# [Data extract]
--------

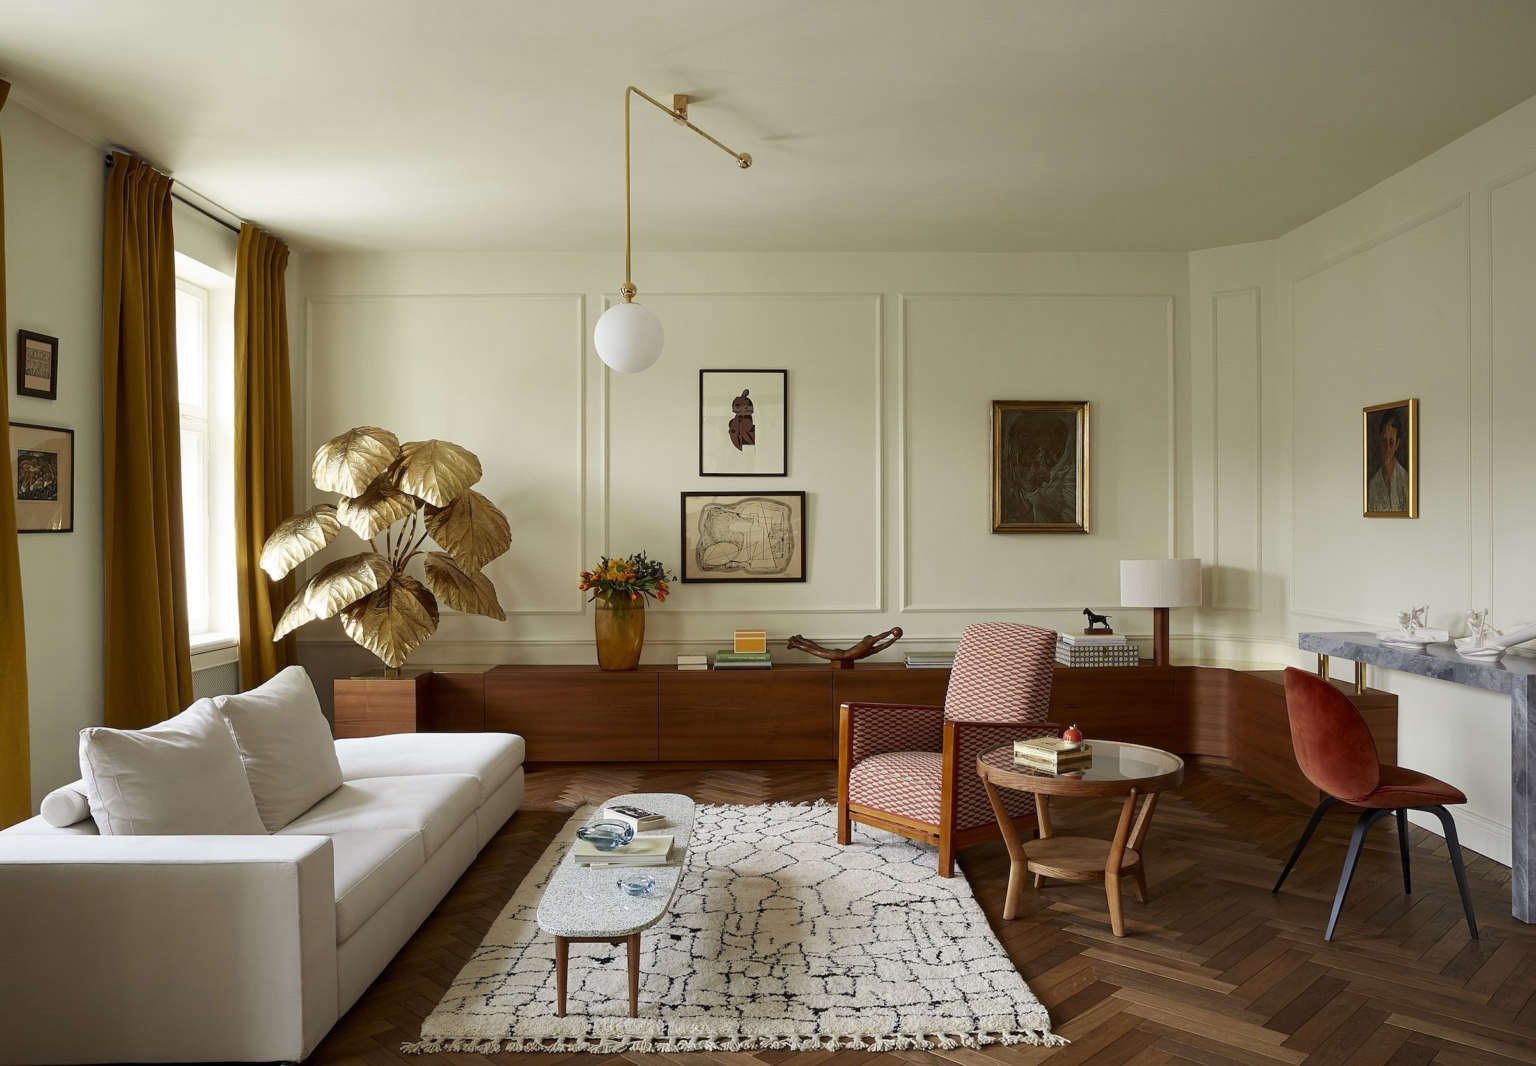 colombe studio marta chrapka warsaw apartment living room
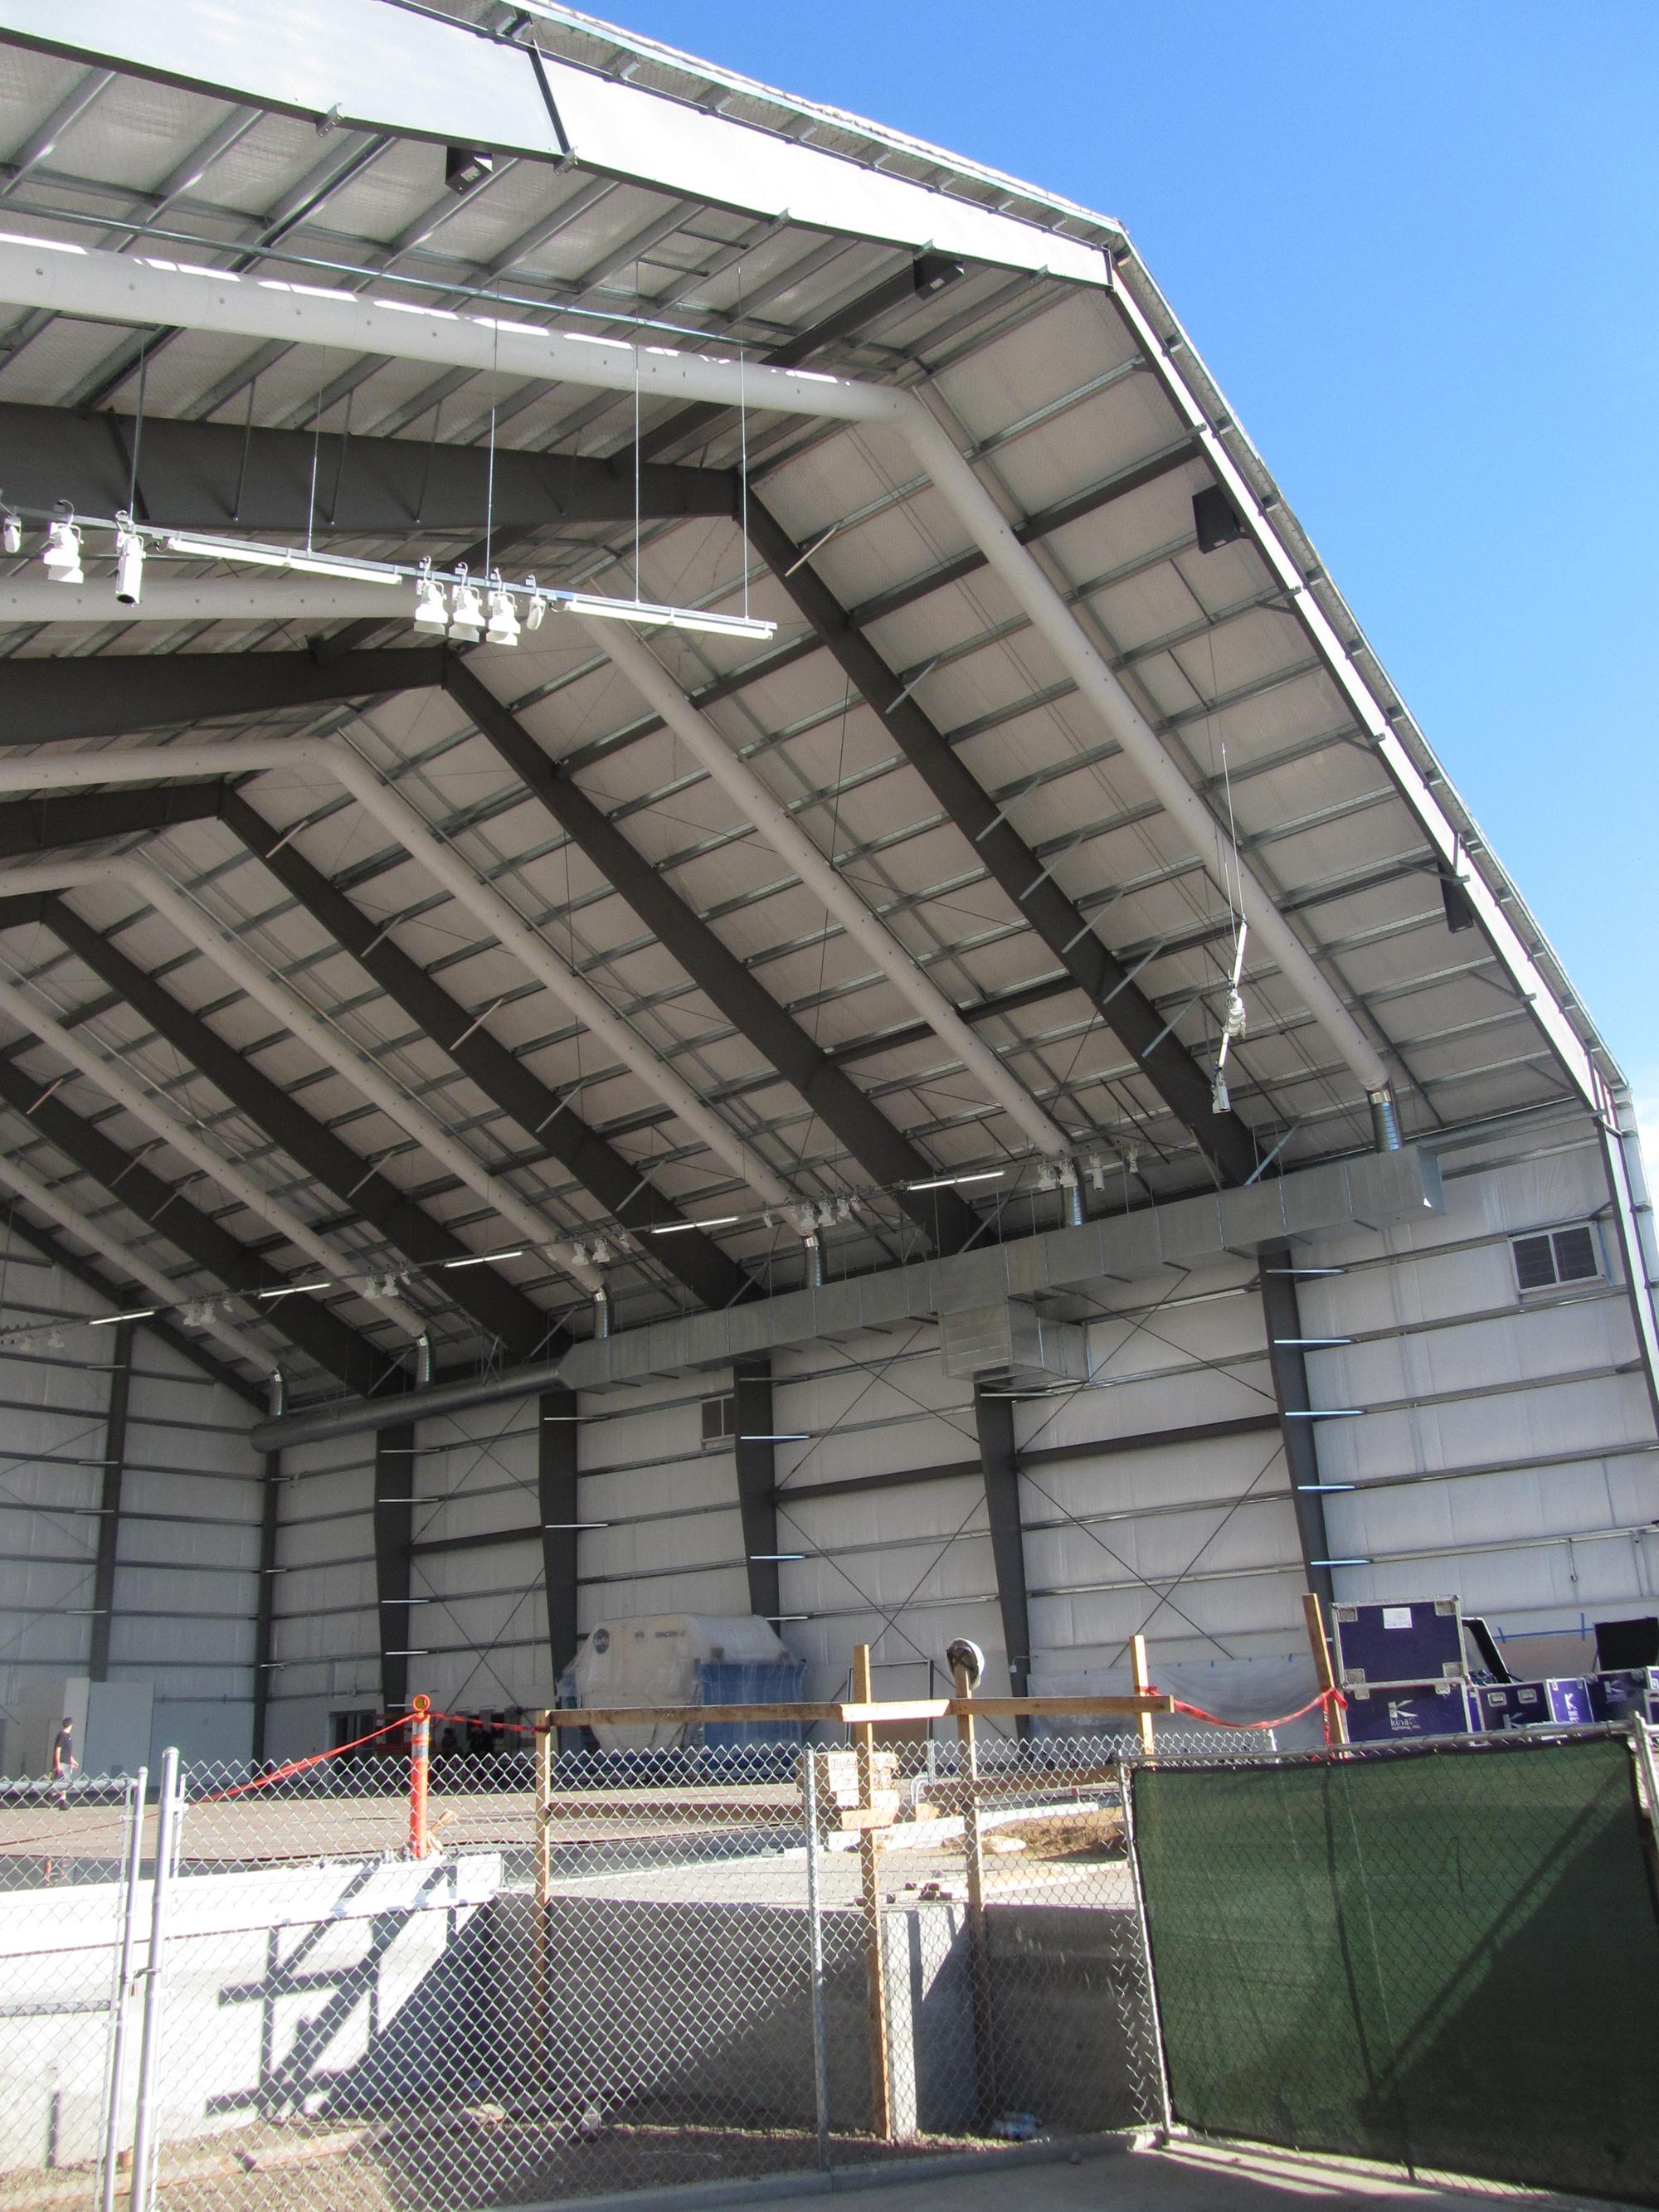 A Look Inside Shuttle Endeavour's Museum Hangar
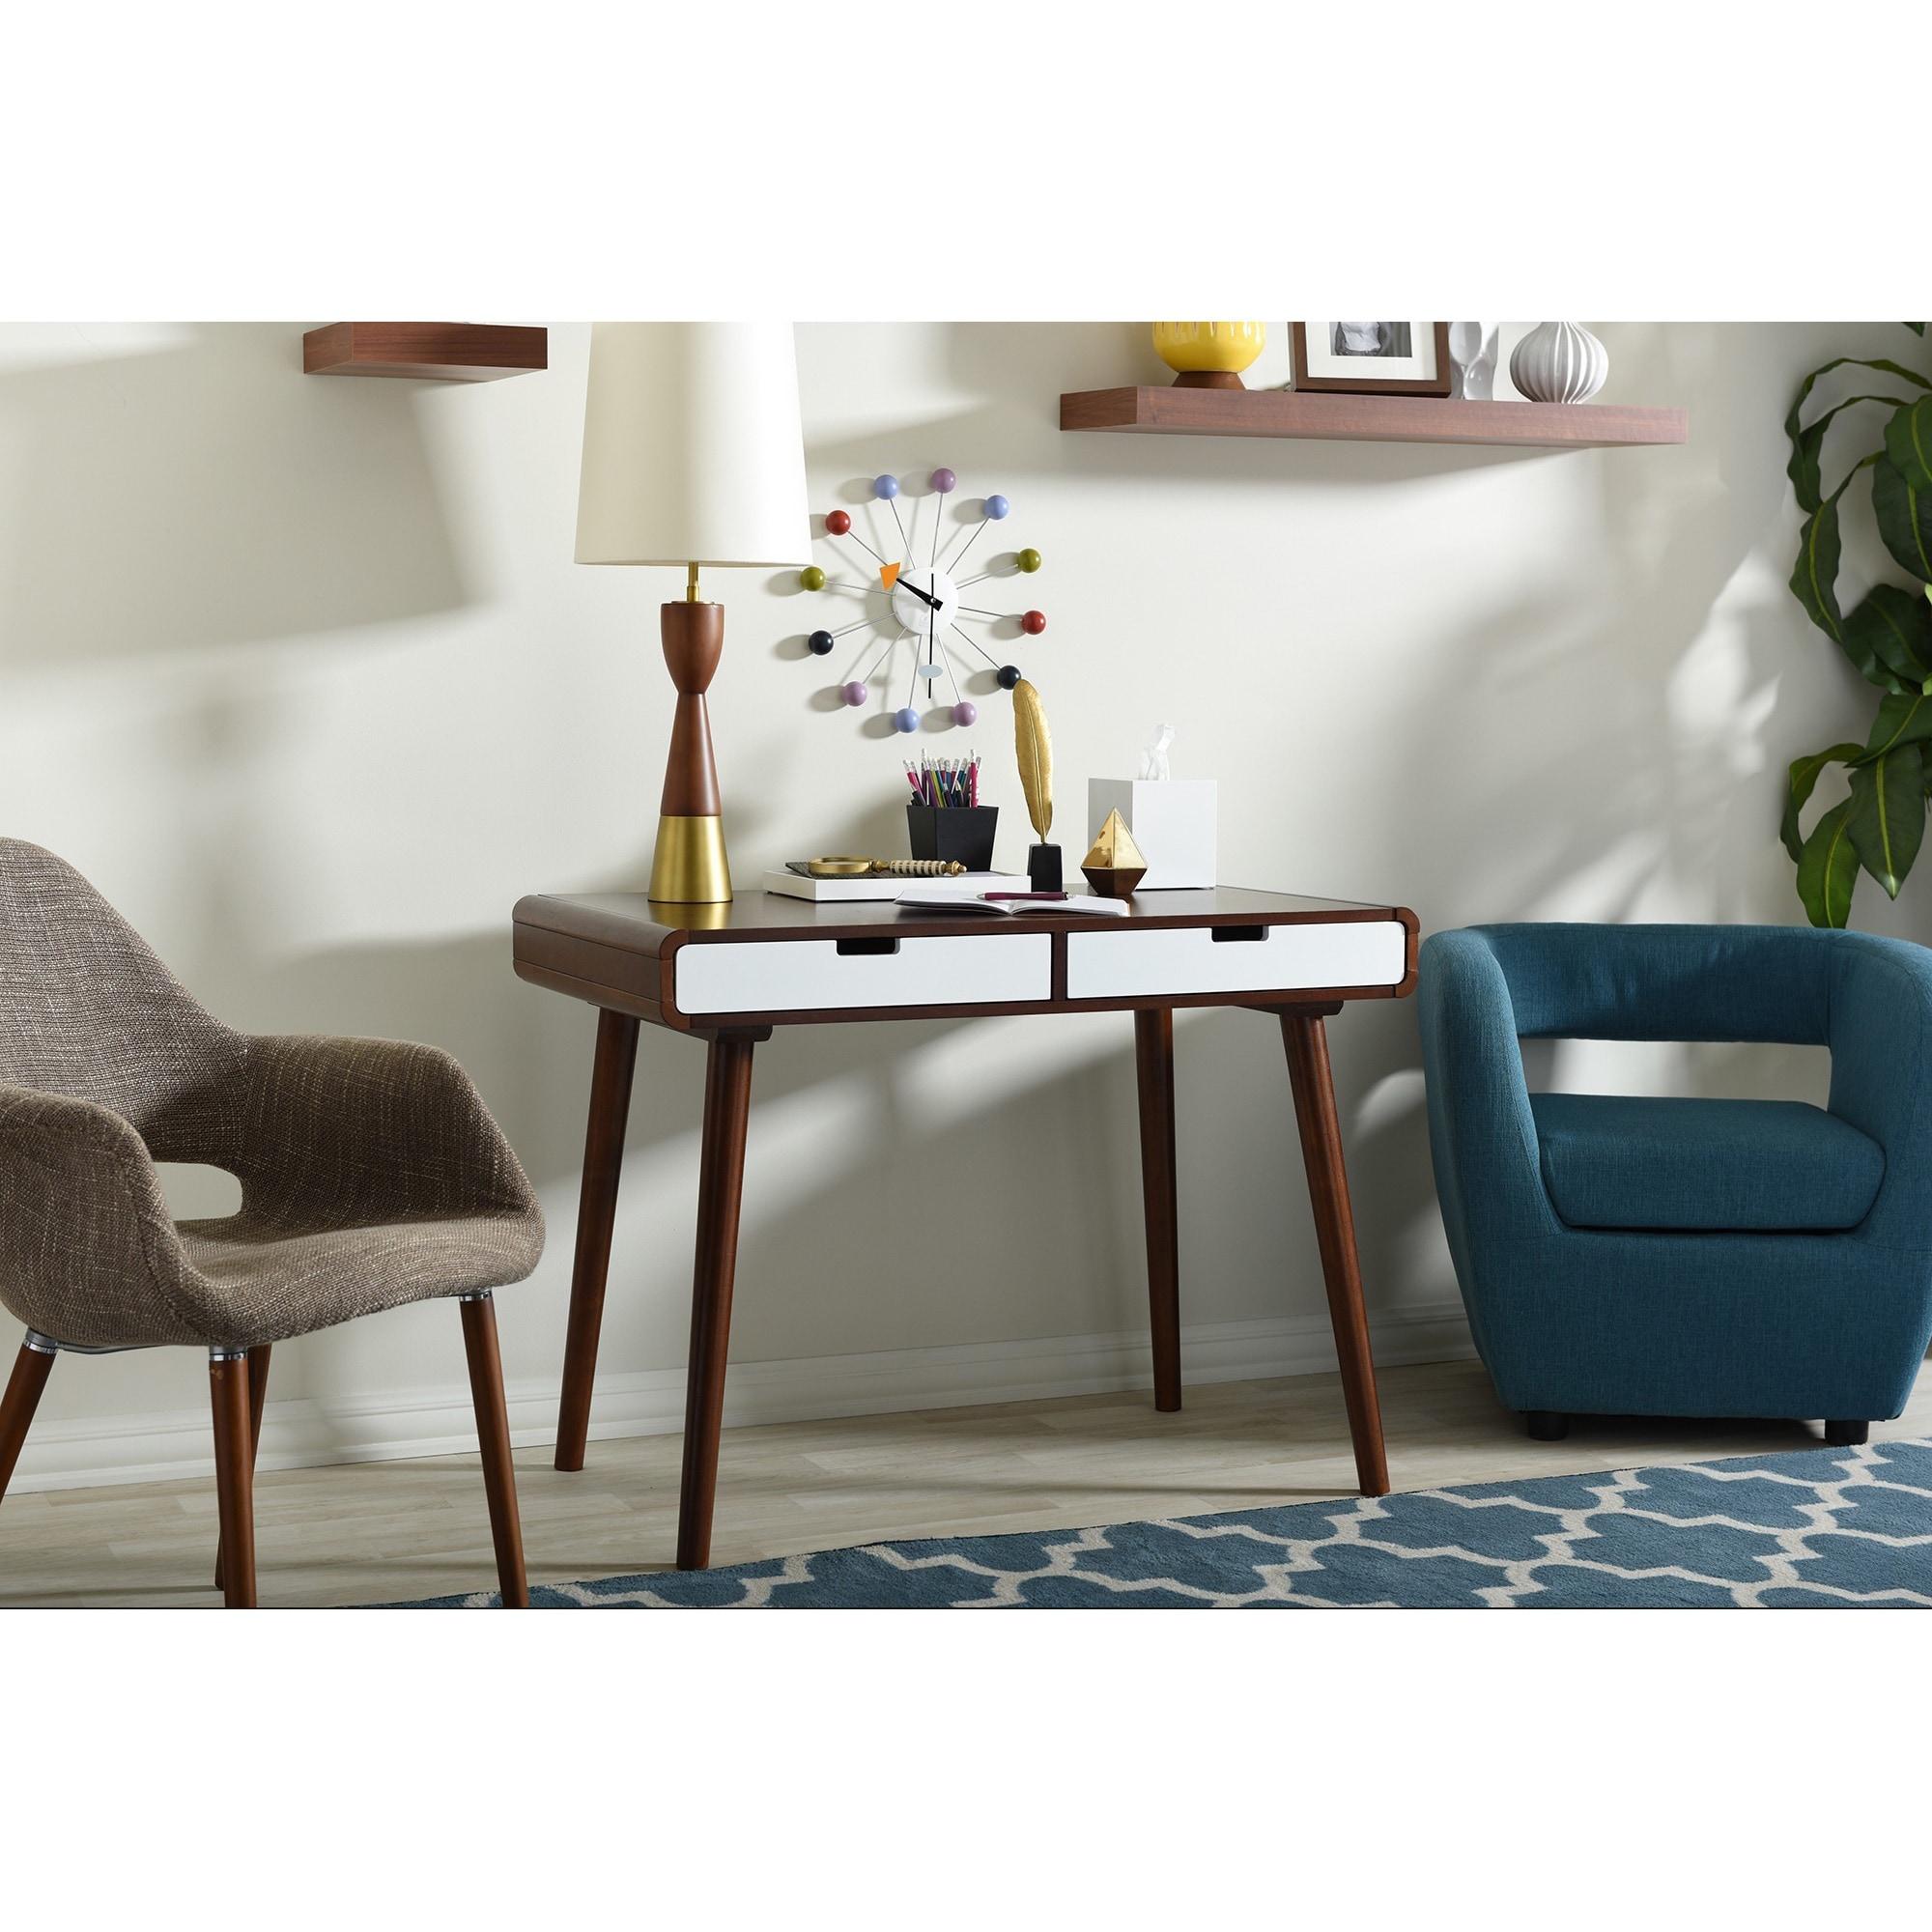 Baxton Studio Casarano Mid Century Dark Walnut And White Two Tone Finish 2 Drawer Wood Writing Desk Overstock 10669649

--------

Leave out the images and repeat the rest of the data word for word.

# [Answer for the task]
 colombe studio marta chrapka warsaw apartment living room
 A Look Inside Shuttle Endeavour's Museum Hangar
 Baxton Studio Casarano Mid Century Dark Walnut And White Two Tone Finish 2 Drawer Wood Writing Desk Overstock 10669649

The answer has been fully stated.